Her burden was more difficult, more death than he was accountable for. Unaccustomed to failure, Mallory had never acquired the emotional muscles necessary to pick herself up when she tripped and fell from grace. How well he could empathize with that, but he could not help her. Spliced together, he doubted that he and she would make one complete and healthy human. The other impediment was their friendship. Friends did not call attention to one another’s bloodstained souls and psyches.

Half the contents of her knapsack had been spilled across the desk blotter. He picked up a bottle with the hospital’s pharmacy label. It was filled with pain medication prescribed for her broken hand. There was no need to count out the tablets; he knew that she had taken none of them.

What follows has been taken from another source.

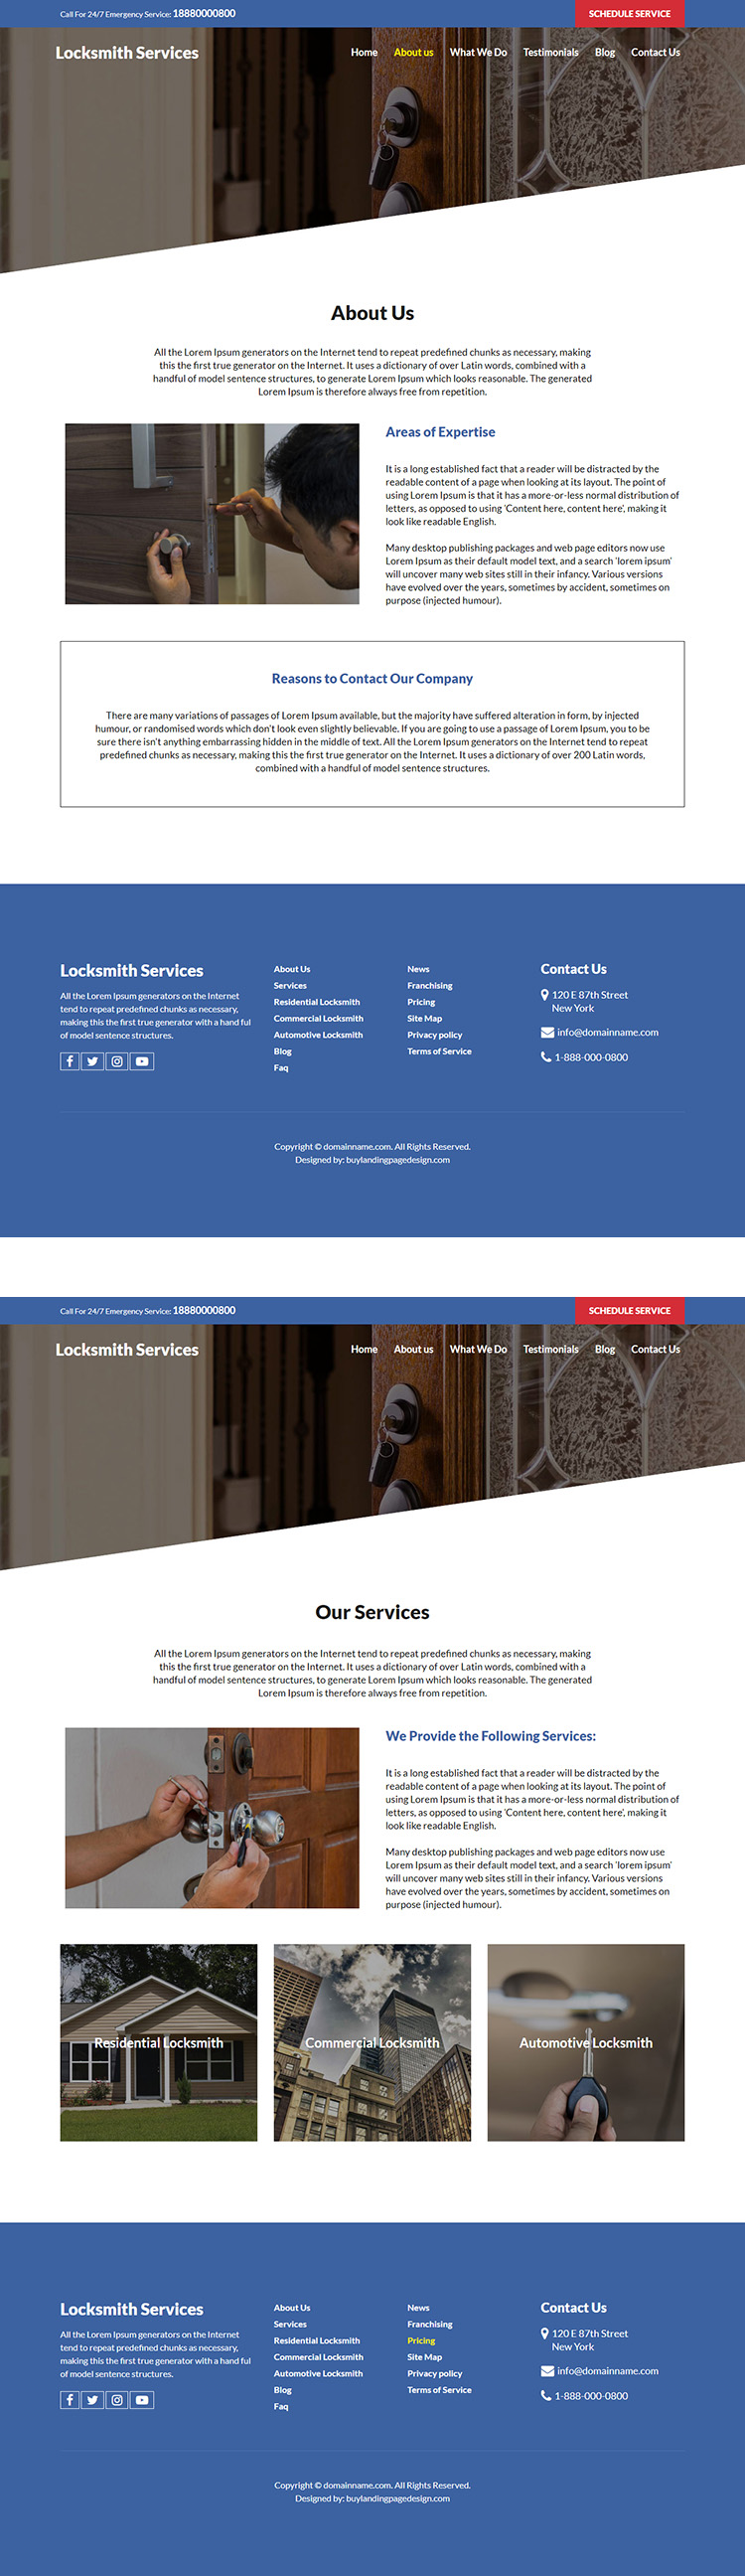 emergency locksmith service responsive website design

Mallory would not want to dull her beautiful brain, not while she was obsessing over all the details of one terrible night gone awry. However, he was also assured that she was not suffering, not likely to pay much attention to the aching throb of broken bones and damaged muscle. To paraphrase an old song from his youth, she did not have time for the pain.

And so – he felt the pain.

Thus crippled, he picked up her pen and passed an hour writing letters to Mallory, long sorry lines of apology, taking all the blame for Nedda’s death. And then he had the good sense to lay down the pen. How unfair to burden her with his own obsession. Charles smashed the pages into the pockets of his robe, then rose from the chair to stretch his legs. He walked the length of the giant bulletin board, a disaster zone on several levels.

Well… maybe not.

At first, her pushpin style had been perfect in every alignment of paper, and then, as she had continued down the wall, pinning up new documents, they hung increasingly askew, as if she had become more and more agitated in her rush from one end of the wall to the other. The new configurations of diagrams and photographs, text and sundry bits of paper were laid out like a jigsaw puzzle without any helpful irregularities in the pieces. He had only the gist of the thing: neither of them could quite let go of Nedda Winter. And, truly, it seemed impossible that such a person could be removed from the planet by a freak accident. Mallory’s linear paper storm relentlessly moved on down the wall toward that same conclusion.

At the very end of the wall, a report from the fire marshal knocked everything else out of his head. This was not possible. He read it twice. There were no portable radios in Winter House, none that would work without current, and the antique radio in the front room had not been in working condition for many years.

Oh, no. Madness was a recent thing with him, and there was nothing wrong with his memory.

Charles returned to the desk, took up pen and paper once more, then left a note pinned over the technical report. The bold lines of red marking pen stood out from all the rest, and this bit of tampering with her wall could not fail to annoy her the moment she walked in the door. It was a simple message – Mallory loved brevity – only three words writ large, This is wrong.

It was late afternoon when Bitty Smyth approached her own home like a thief, stealing through the park, keeping to the elongating shadows of rock formations and evergreens. The police vehicles were no longer parked in front of Winter House. The reporters were long gone, and there was a sense of emptiness about the place.